TASK DESCRIPTION:
Among the entries below, please repeat exactly and only the lines from the line containing "Reshias Funda para" to the line containing "スローテンポで重いギターサウンドの再生済みの波形", both lines included.

PROVIDED ENTRIES:
- - -

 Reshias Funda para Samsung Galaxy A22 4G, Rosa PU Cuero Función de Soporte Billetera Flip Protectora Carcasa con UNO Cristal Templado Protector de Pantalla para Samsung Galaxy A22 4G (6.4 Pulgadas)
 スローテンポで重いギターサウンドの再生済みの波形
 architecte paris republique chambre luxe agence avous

- - -

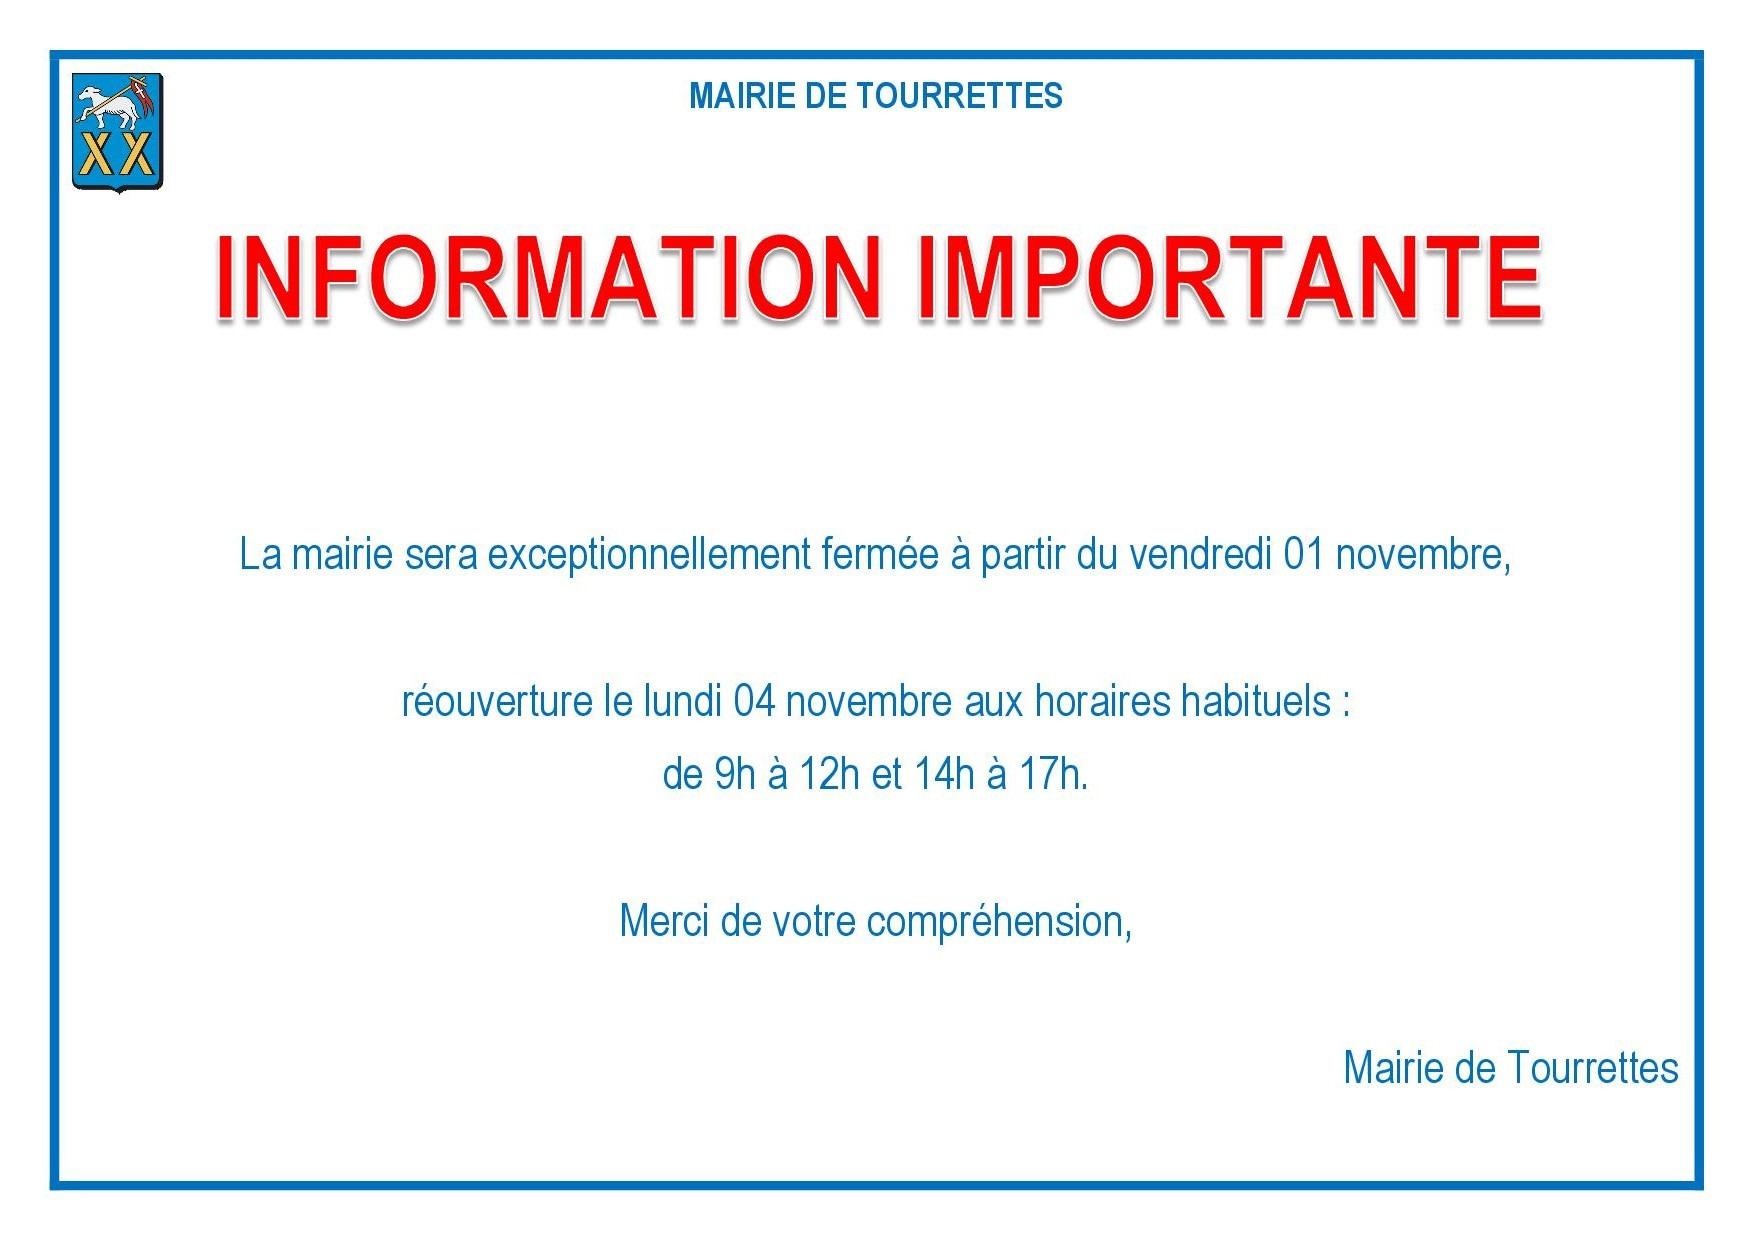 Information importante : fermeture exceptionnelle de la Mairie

- - -

RESPONSE AREA:
 Reshias Funda para Samsung Galaxy A22 4G, Rosa PU Cuero Función de Soporte Billetera Flip Protectora Carcasa con UNO Cristal Templado Protector de Pantalla para Samsung Galaxy A22 4G (6.4 Pulgadas)
 スローテンポで重いギターサウンドの再生済みの波形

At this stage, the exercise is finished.